Segment Start: Dataset excerpt
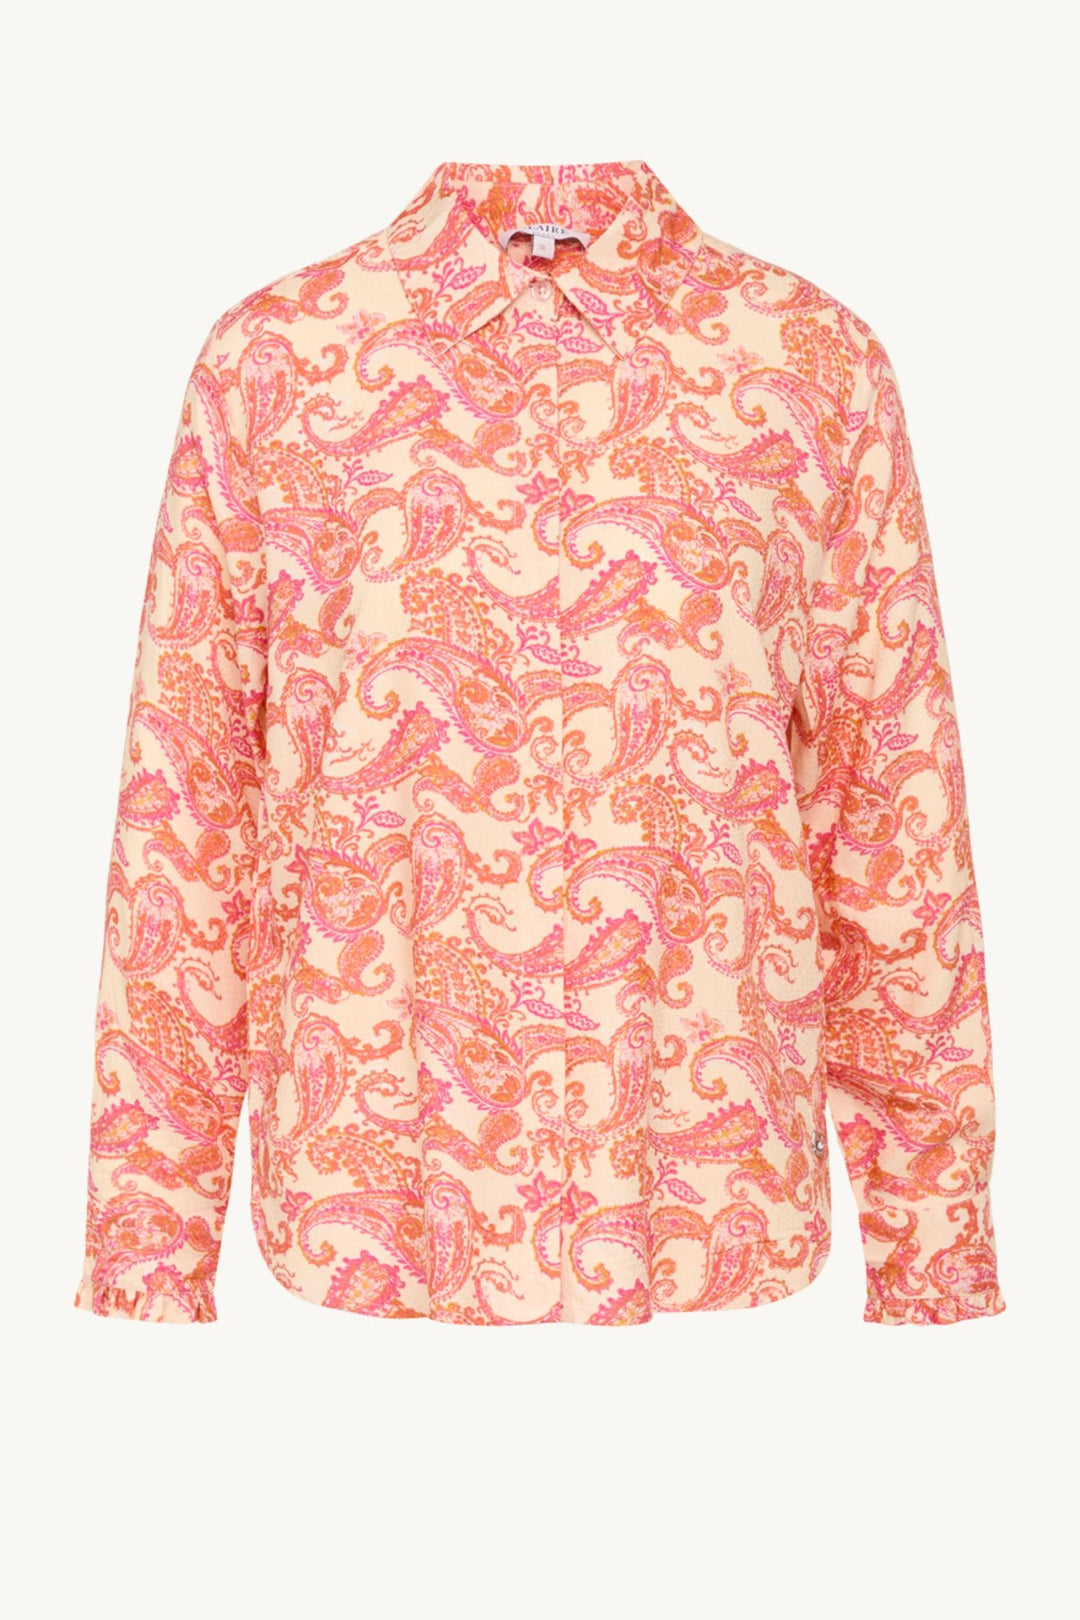 Riham-Cw Shirt Coral | Skjorter og bluser | Smuk - Dameklær på nett
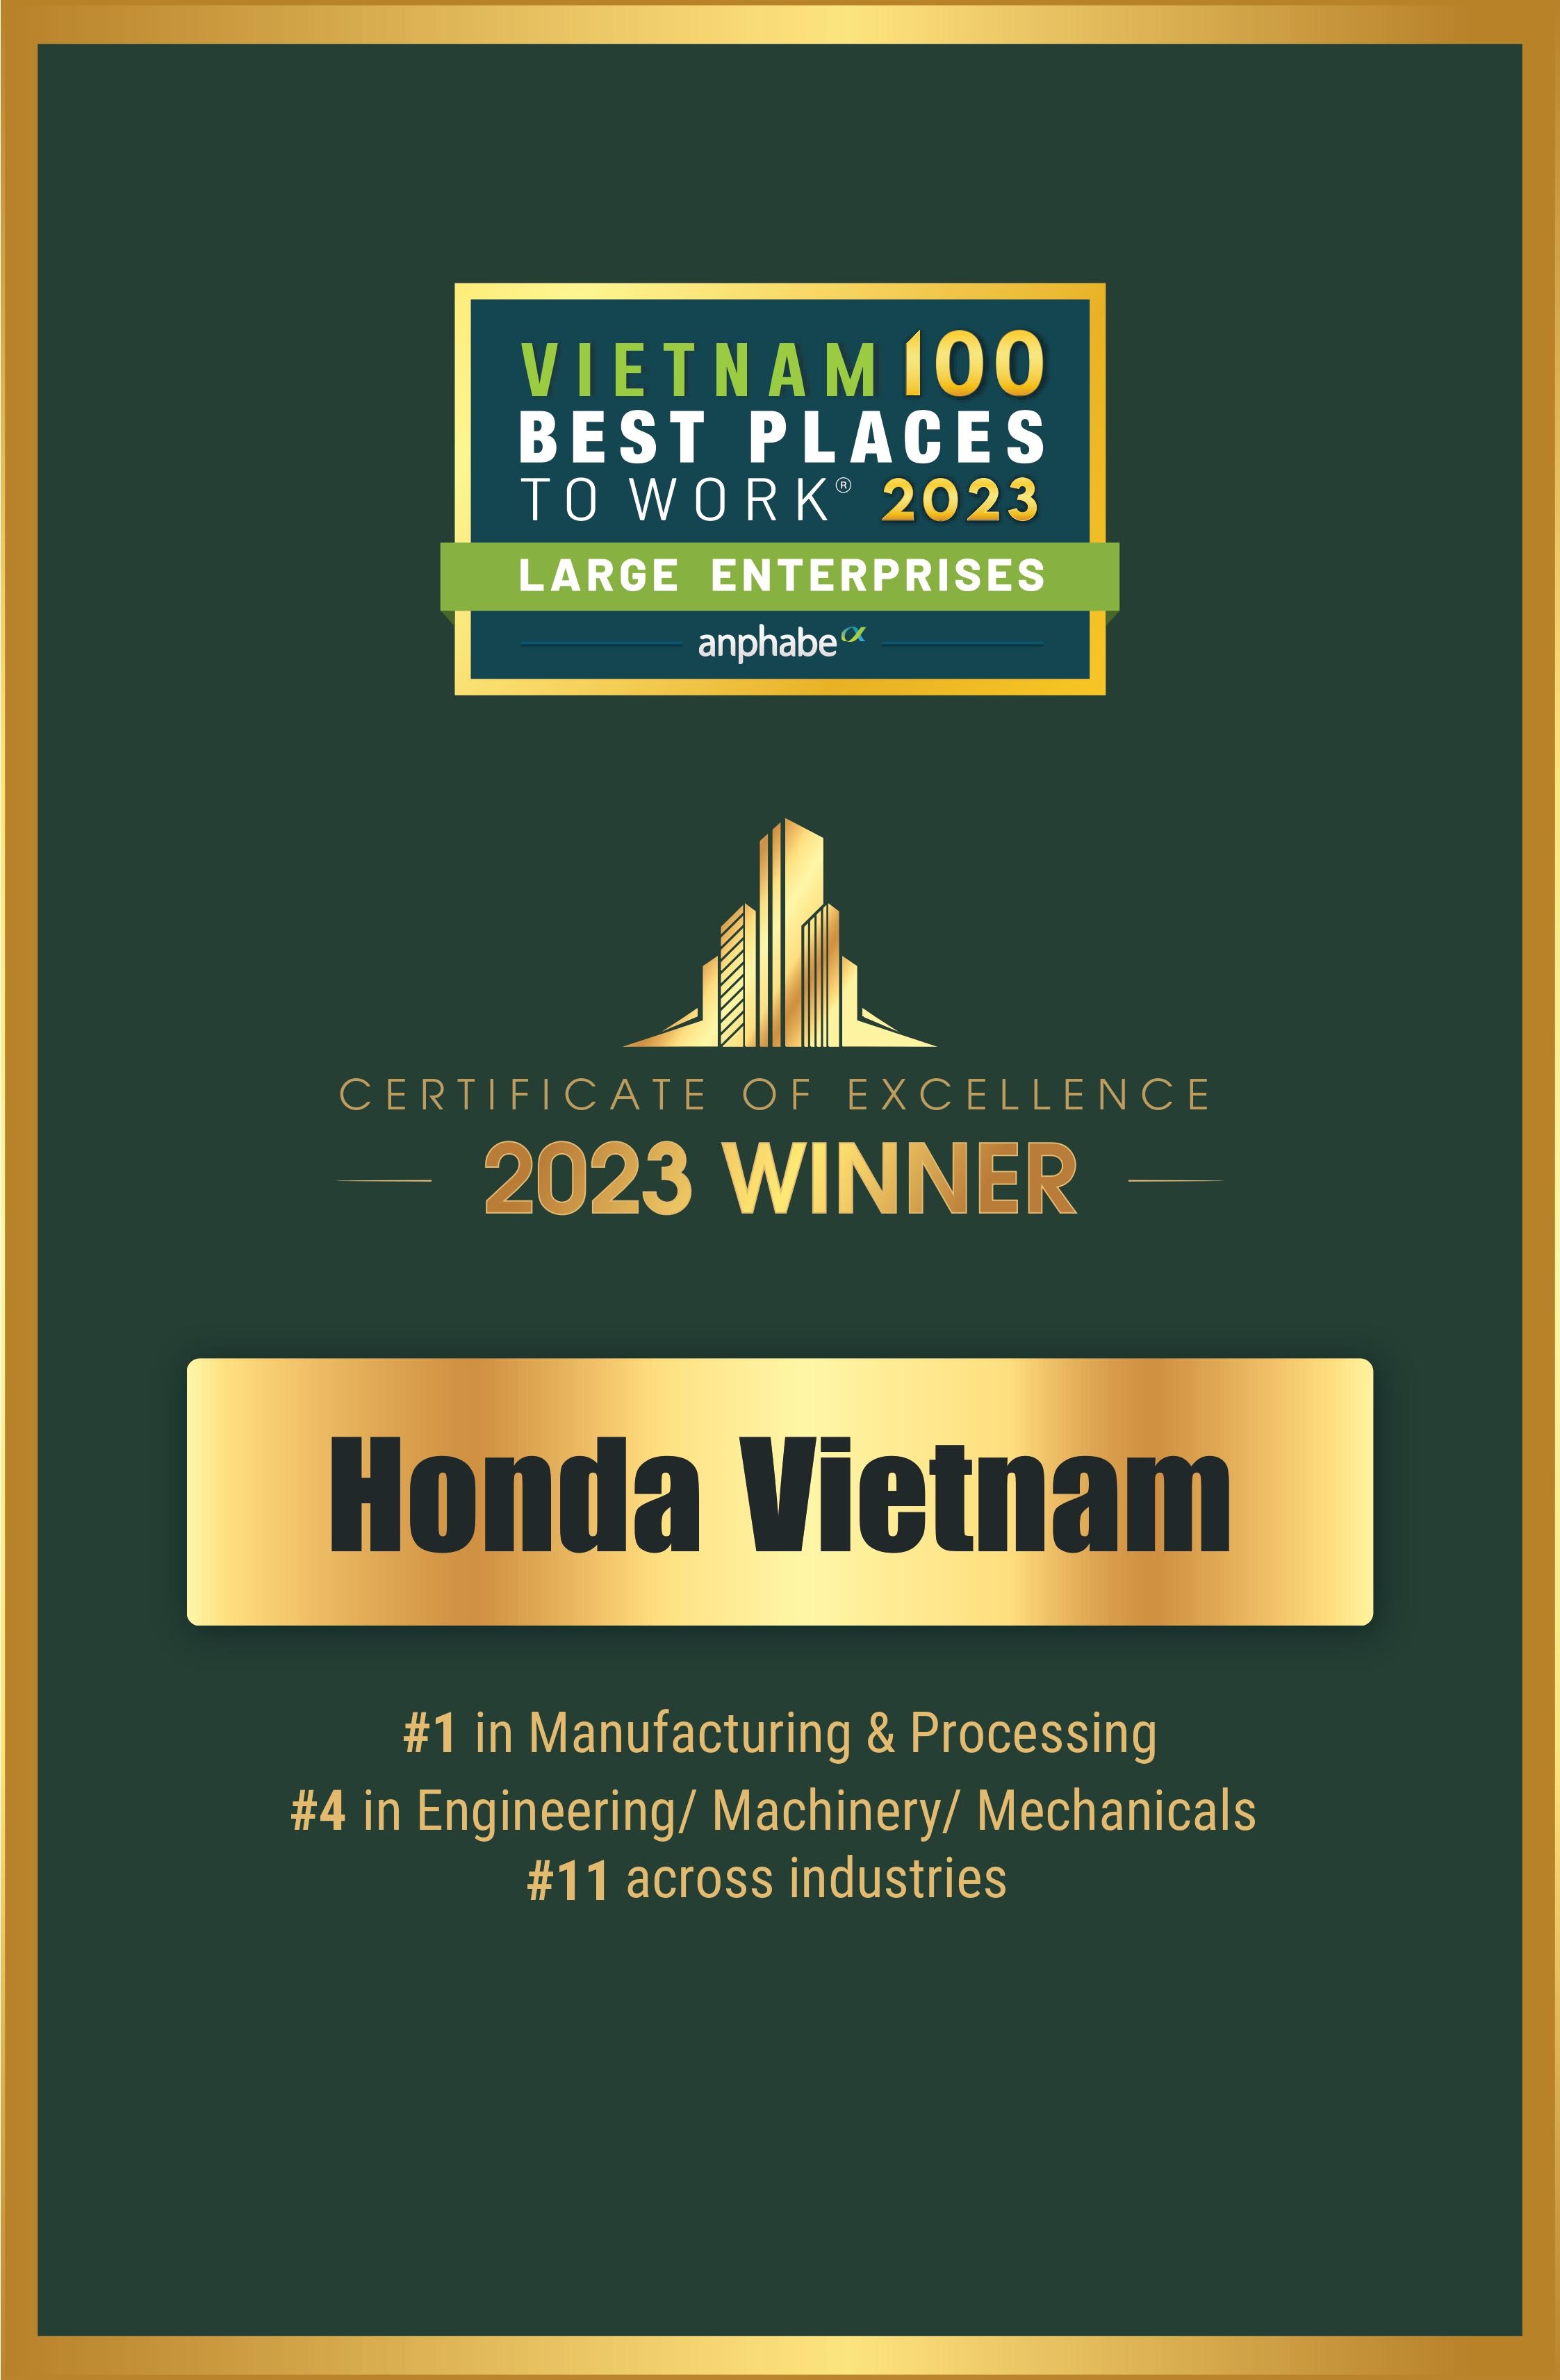 Chúc mừng Honda Việt Nam tiếp tục giữ vững vị trí Top 1 trong ngành Sản xuất/ Hóa chất năm 2023 
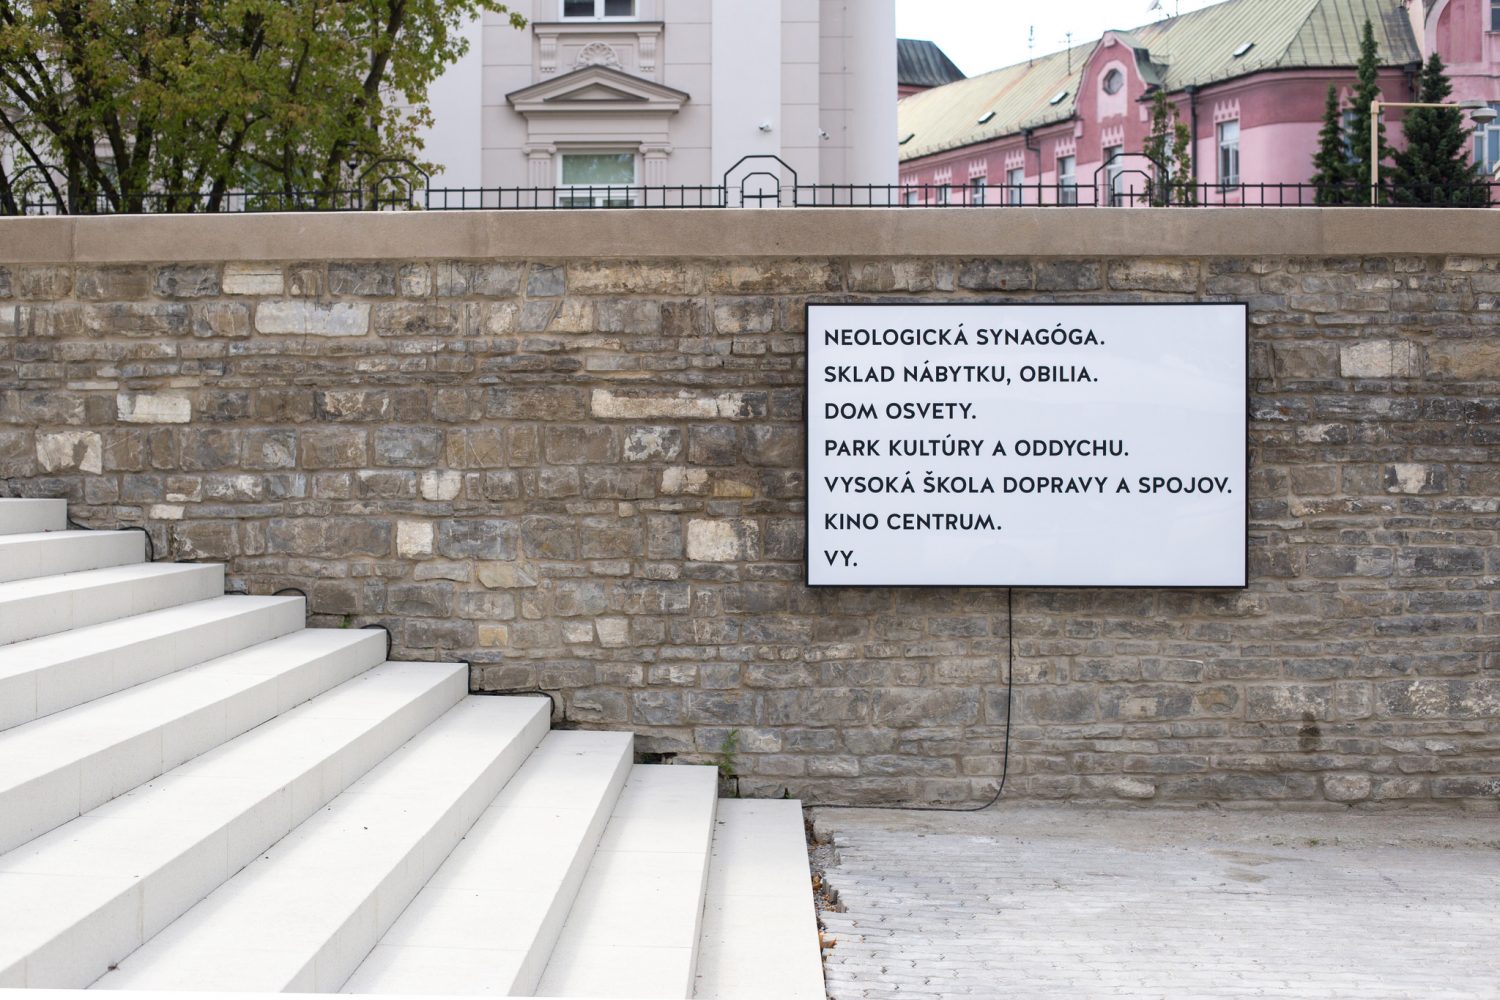 Obnova Neologickej synagógy v Žiline, 2011–2017
Segment End: Dataset excerpt
§ **About this task**:
Repeat each line above exactly as it reads, omitting any pictures.

§ **Answer to this task**:
 Riham-Cw Shirt Coral | Skjorter og bluser | Smuk - Dameklær på nett
 Chúc mừng Honda Việt Nam tiếp tục giữ vững vị trí Top 1 trong ngành Sản xuất/ Hóa chất năm 2023 
 Obnova Neologickej synagógy v Žiline, 2011–2017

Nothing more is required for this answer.